Elsner/Jagger/Fricker
R version 3.1.0 (2014-04-10) – “Spring Dance” Copyright © 2014 The R Foundation for Statistical Computing Platform: x86_64-apple-darwin10.8.0 (64-bit)
Set working directory and load packages.
date()
## [1] "Thu Jun 5 08:58:20 2014"
setwd("~/Dropbox/Tornadoes")
require(MASS)
## Loading required package: MASS
require(ggplot2)
## Loading required package: ggplot2
require(rgdal)
## Loading required package: rgdal
## Loading required package: sp
## rgdal: version: 0.8-16, (SVN revision 498)
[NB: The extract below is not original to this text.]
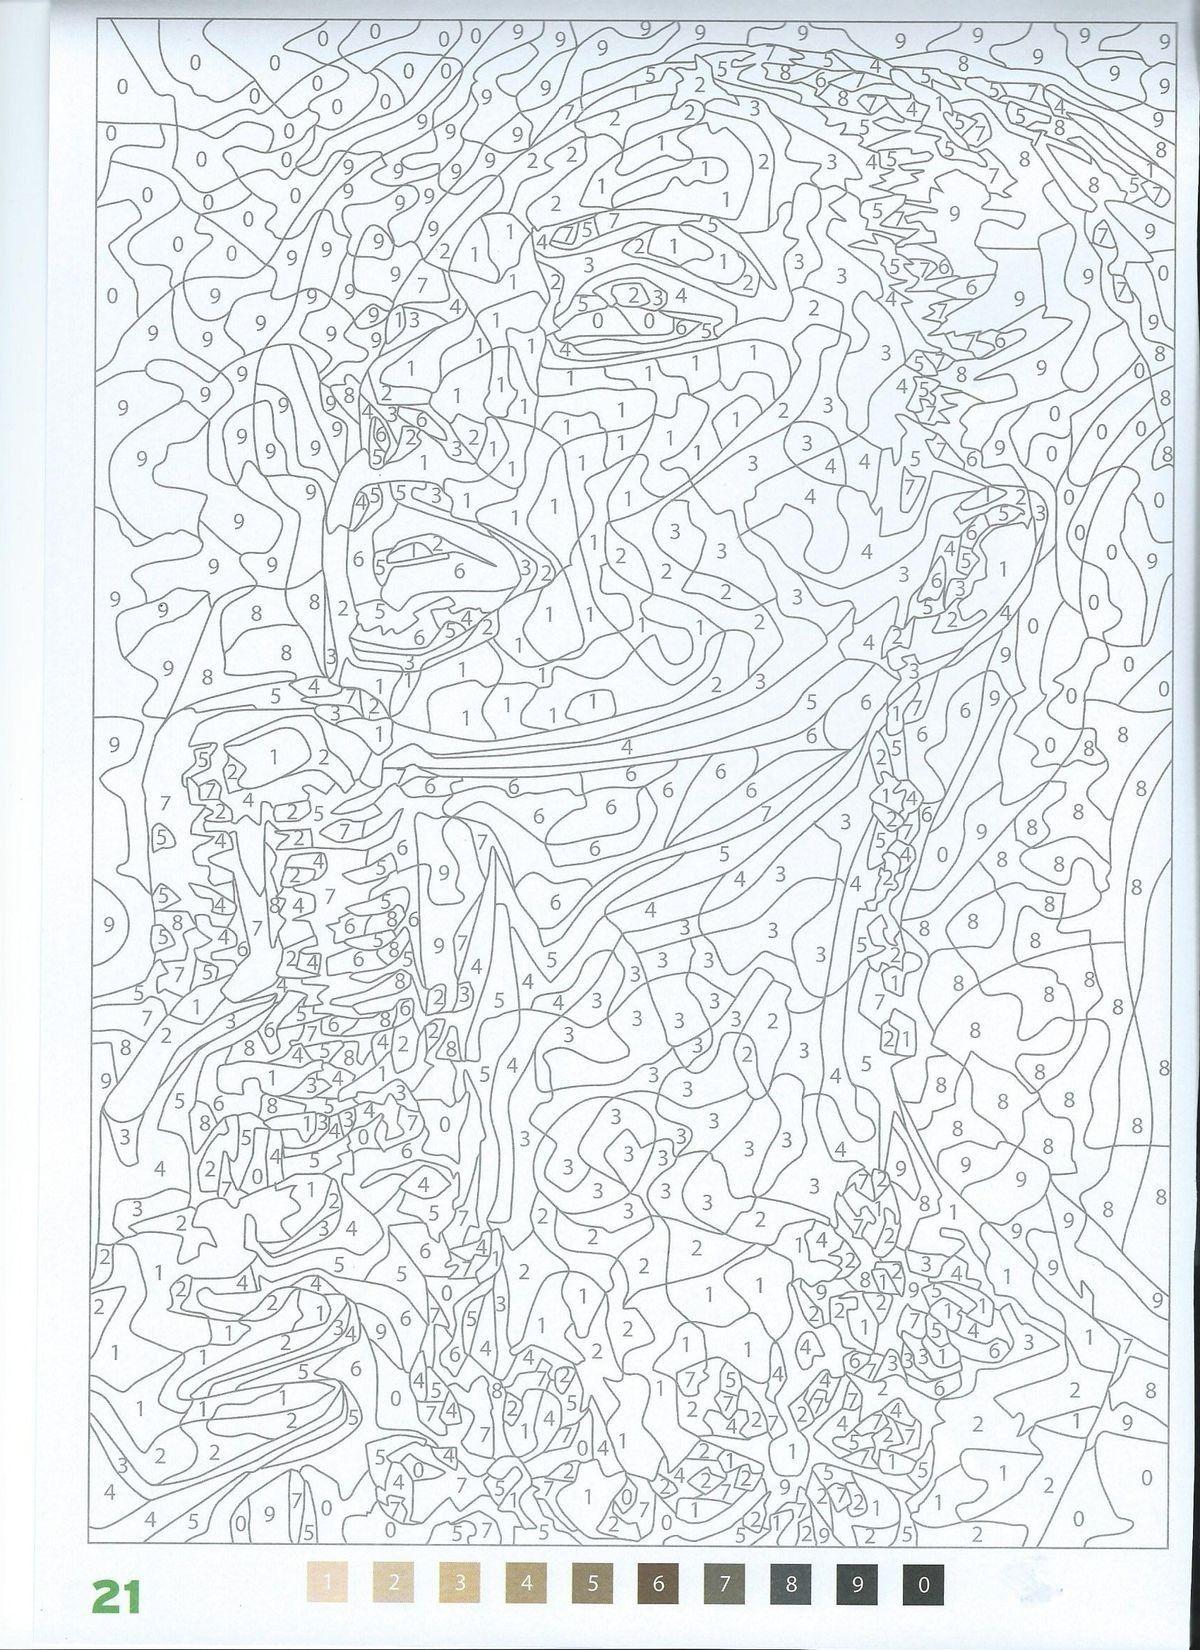 Épinglé par Lucie Thomas sur psychomot  Coloriage numéroté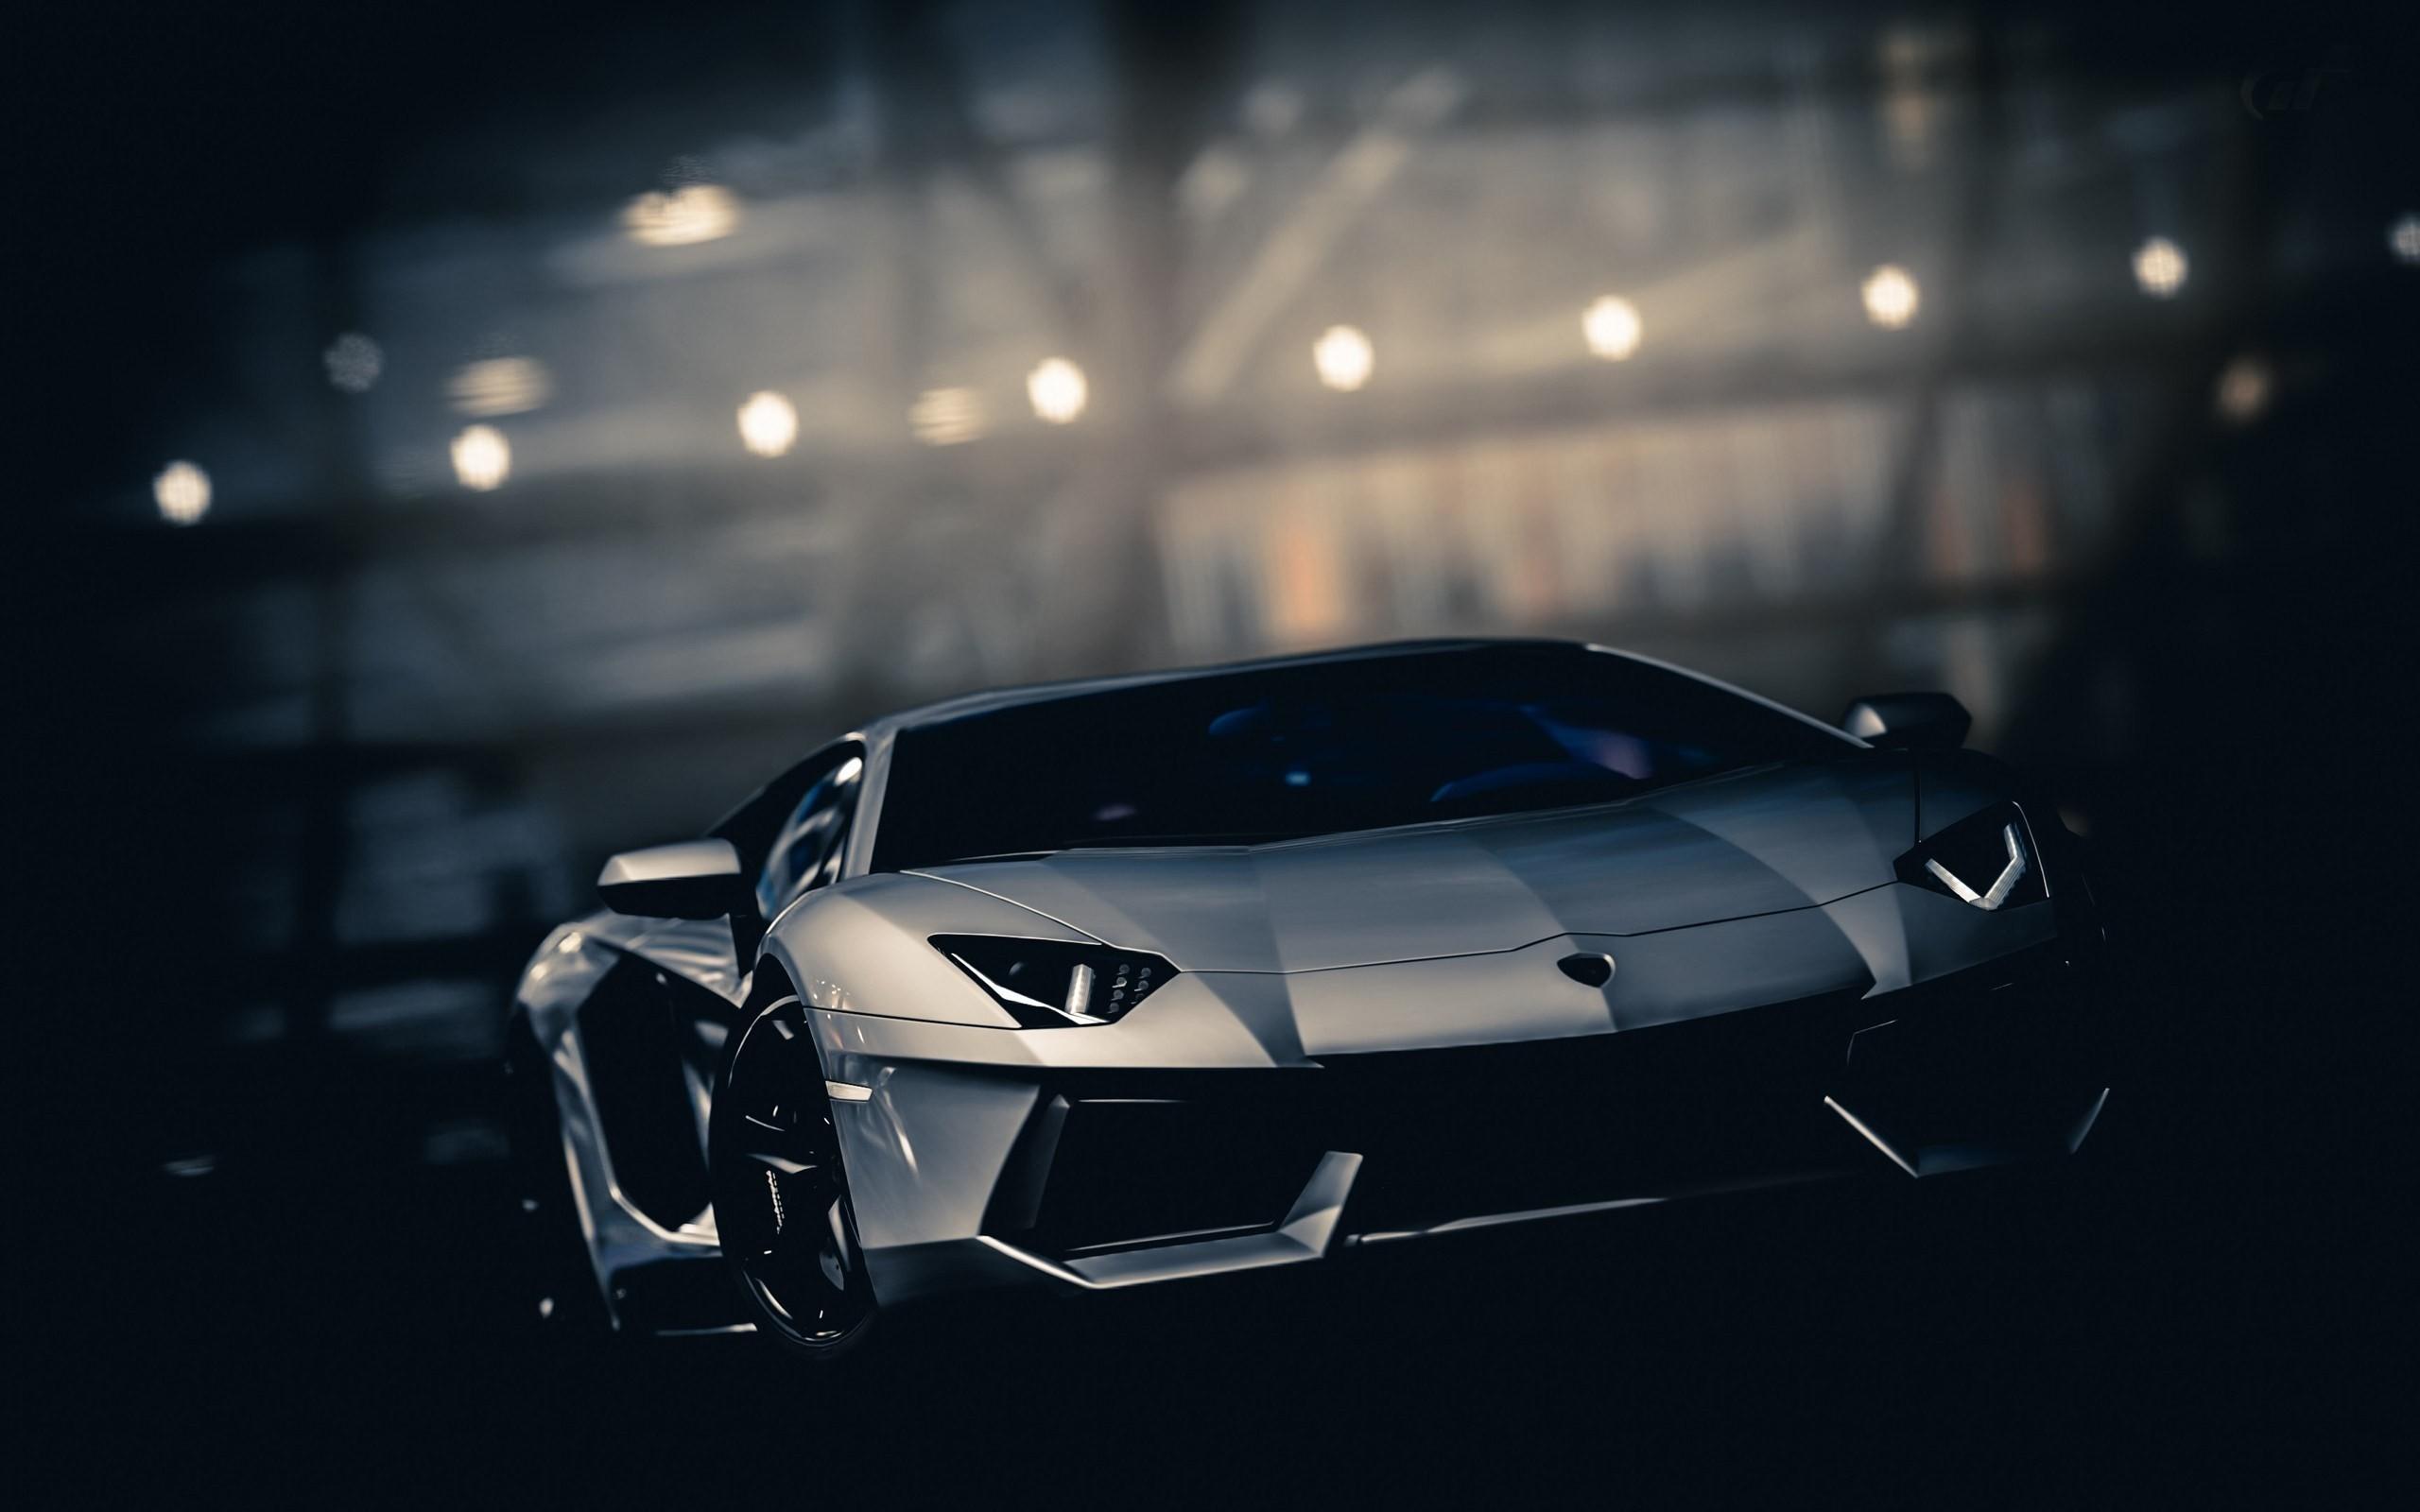 Black Lamborghini Car Hd Wallpaper

## Geospatial Data Abstraction Library extensions to R successfully loaded
## Loaded GDAL runtime: GDAL 1.9.2, released 2012/10/08
## Path to GDAL shared files: /Library/Frameworks/R.framework/Versions/3.1/Resources/library/rgdal/gdal
## Loaded PROJ.4 runtime: Rel. 4.8.0, 6 March 2012, [PJ_VERSION: 480]
## Path to PROJ.4 shared files: /Library/Frameworks/R.framework/Versions/3.1/Resources/library/rgdal/proj
library(plyr)
library(reshape2)
library(lubridate)
##
## Attaching package: 'lubridate'
##
## The following object is masked from 'package:plyr':
##
## here
require(gamlss.cens)
## Loading required package: gamlss.cens
## Loading required package: gamlss
## Loading required package: splines
## Loading required package: gamlss.data
## Loading required package: gamlss.dist
## Loading required package: nlme
## ********** GAMLSS Version 4.2-8 **********
## For more on GAMLSS look at http://www.gamlss.org/
## Type gamlssNews() to see new features/changes/bug fixes.
##
## Loading required package: survival
##
## Attaching package: 'survival'
##
## The following object is masked from 'package:gamlss':
##
## ridge
download.file("http://www.spc.noaa.gov/gis/svrgis/zipped/tornado.zip",
"tornado.zip", mode = "wb")
Read the tornado data and change data types
#unzip("tornado.zip")
TornL = readOGR(dsn = ".", layer = "tornado",
stringsAsFactors = FALSE)
## OGR data source with driver: ESRI Shapefile
## Source: ".", layer: "tornado"
## with 57988 features and 21 fields
## Feature type: wkbLineString with 2 dimensions
TornL$OM = as.integer(TornL$OM)
TornL$Year = as.integer(TornL$YR)
TornL$Month = as.integer(TornL$MO)
TornL$EF = as.integer(TornL$MAG)
TornL$Date = as.Date(TornL$DATE)
TornL$Length = as.numeric(TornL$LEN) * 1609.34
TornL$Width = as.numeric(TornL$WID) * .9144
TornL$FAT = as.integer(TornL$FAT)
TornL$SLON = as.numeric(TornL$SLON)
TornL$SLAT = as.numeric(TornL$SLAT)
TornL$ELON = as.numeric(TornL$ELON)
TornL$ELAT = as.numeric(TornL$ELAT)
TornL$INJ = as.numeric(TornL$INJ)
TornL$LOSS = as.numeric(TornL$LOSS)
TornL$WDAY = wday(TornL$Date)
Remove tornadoes without an EF scale rating. Compute area of damage path using an ellipse. Here we are interested in the area damaged by the tornado and not the area covered by debris scattered by the tornado.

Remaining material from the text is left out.